One local Indian rights activist, Alan Leventhal, a staff member of the San
Jose State University School of Social Work and Department of Anthropology,
said he withdrew from national Indian politics because he felt the needs of
the California Indians-the people he was trying to help-were being ignored.
No tribe has ever been recognized by executive order, Regan noted, but a
number of tribes have been recognized through congressional legislation. The
current political climate in Congress, however, makes this route unlikely.
"If there is no BIA actions, we can expect to see more and more tribal
petitions to Congress," Regan said. "I can't tell you the number of tribes
calling us up and asking about the process of turning to legislation for
redress. But the chances of legislation passing in either chamber is very
low."
Still, many feel legislation may be the best way for California's
unrecognized Indians to pursue their claims.

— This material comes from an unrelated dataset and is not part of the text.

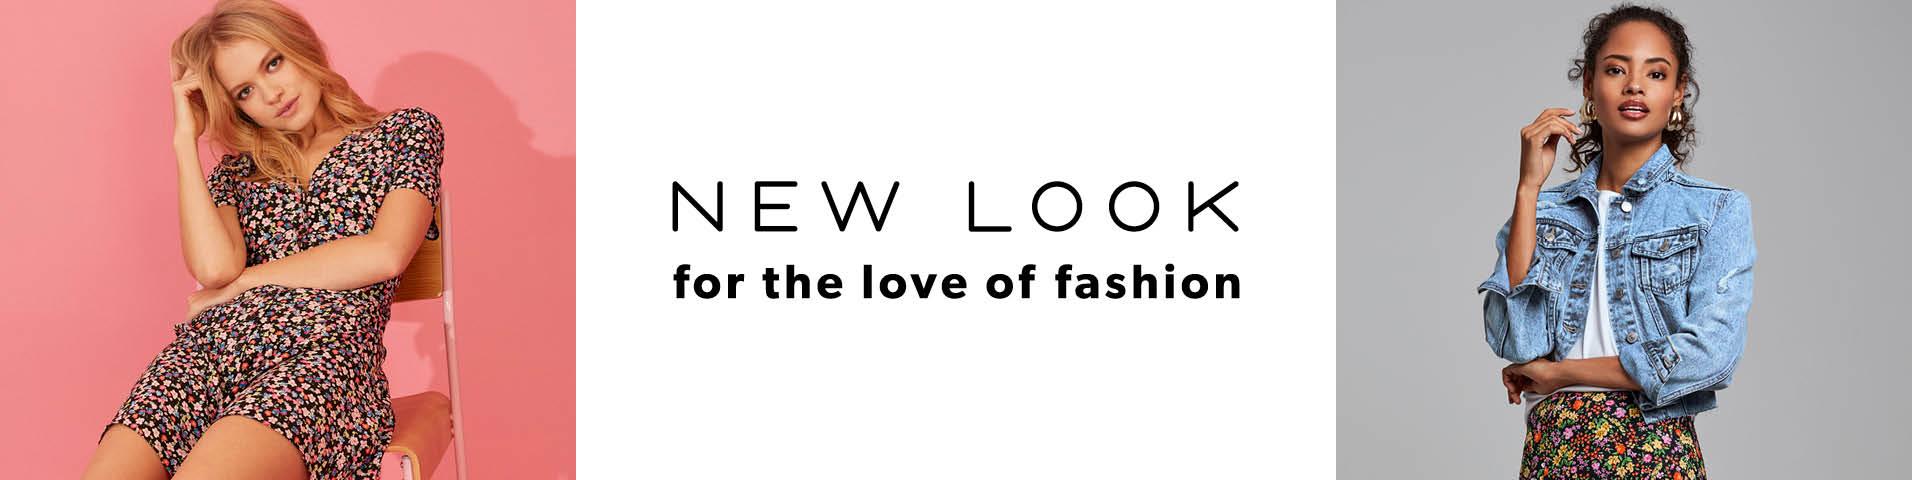 Vêtements femme New Look en ligne   Commandez dès maintenant sur Zalando 9896f7d783d

"By October we will be putting together a report for Congress," said Polly
Gervin, staff person for the Advisory Council on California Indian Policy.
"Then we expect to come forward with draft legislation."
The council itself is the stepchild of recognition legislation. The Council
was formed by President Bush as a sort of consolation prize in 1992 after he
vetoed tribal recognition legislation, yet acknowledged the extent of the
problem. Altogether, Gervin said, there are 42 unrecognized tribes in
California totaling some 80,000 individuals.
U.S. Rep. Zoe Lofgren said she met with Cambra when she was in Washington
earlier this month for the third White House meeting. She said she supports
the Muwekma petition despite the potential cost to the federal government.
"To me this is an issue of fundamental rights, not money," said Lofgren. "Do
we say-although I guess the Republicans are these days-that we are not going
to provide benefits to disabled veterans because it would cost too much, or
we are not going to enforce Civil Rights laws because it would cost too much?
No. This is about doing what's right. This is about justice, not economics."